The breakthrough discovery sheds light on a previously unexplained neurological disorder, in which affected children suffer rapid and often permanent nerve damage following mild viral or bacterial infections. In each case, doctors had been baffled by the sudden onset of symptoms, until now.
By analyzing the genomes of multiple children affected by the condition, researchers found a shared mutation in the SLC5A7 gene, which is crucial for the function of motor neurons. This gene is responsible for transporting choline, a building block of the neurotransmitter acetylcholine, which nerves use to communicate with muscles.
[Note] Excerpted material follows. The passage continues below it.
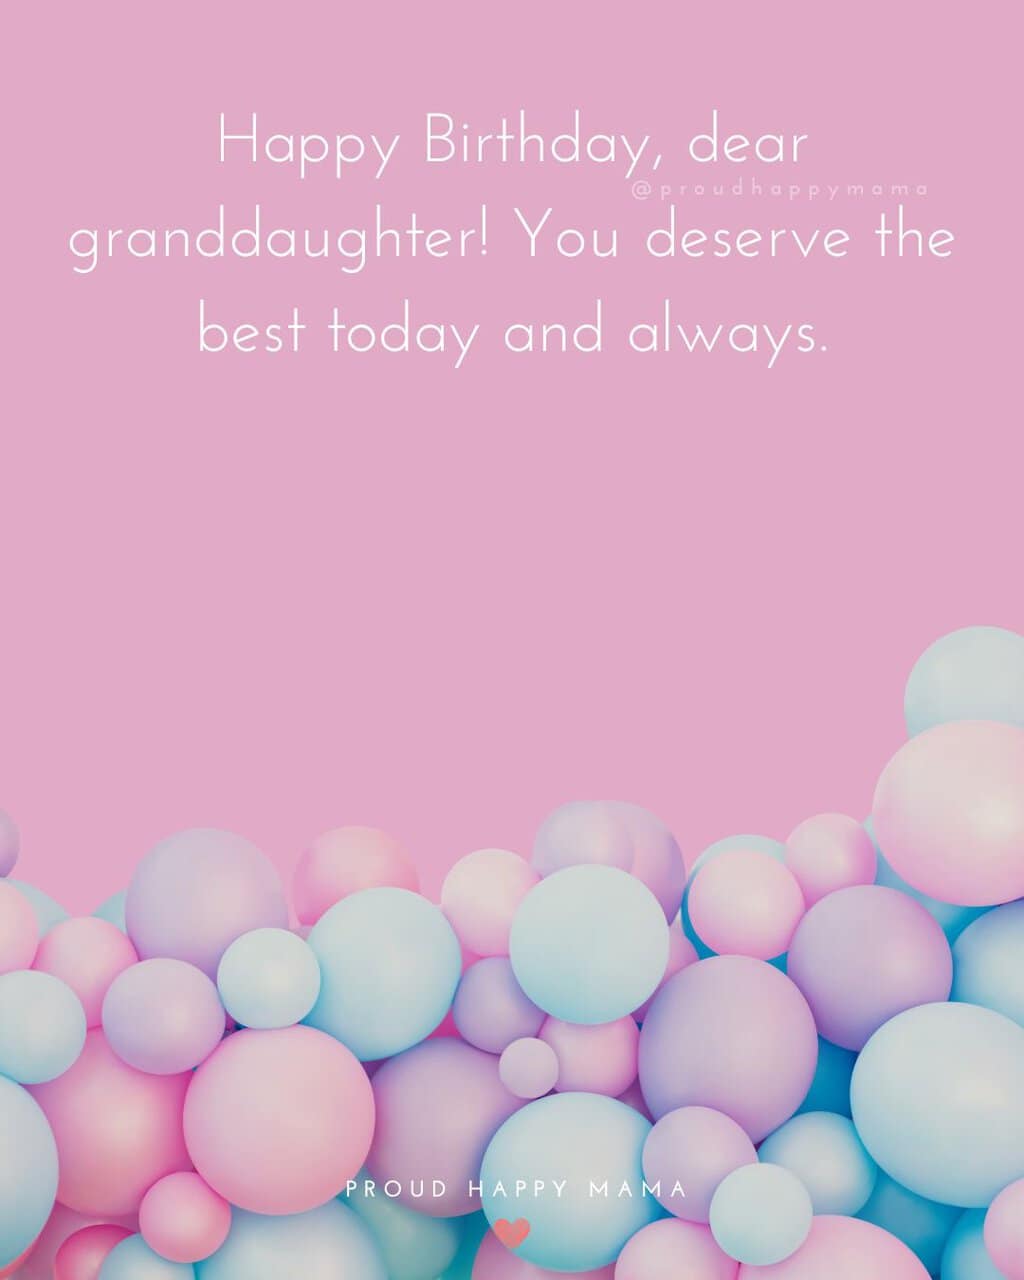 Happy Birthday, dear granddaughter! You deserve the best today and always.

Without enough choline transport, the neuromuscular system becomes fragile, leaving children vulnerable to catastrophic nerve failure. What's especially alarming is that this damage seems to occur in response to mild immune challenges, such as common childhood infections that would otherwise resolve without issue.
“It’s a devastating condition for families,” said Professor Graeme Black, one of the lead researchers. “But understanding the genetic cause means we can now work toward early diagnosis, better management, and possibly even targeted therapies in the future.”
The study used genomic sequencing and cellular analysis to confirm that the mutation disrupts acetylcholine transport, causing stress in nerve cells that ultimately leads to degeneration. The findings also highlight the critical importance of precision medicine, where understanding an individual’s genetic makeup can help predict vulnerability to otherwise routine illnesses.
While this mutation is rare, the discovery could have wider implications for other neuromuscular and immune-related conditions, and underscores the complex relationship between genetics, immunity, and nerve health.
The researchers hope their work will lead to screening tools for early detection and help protect vulnerable children from life-altering outcomes.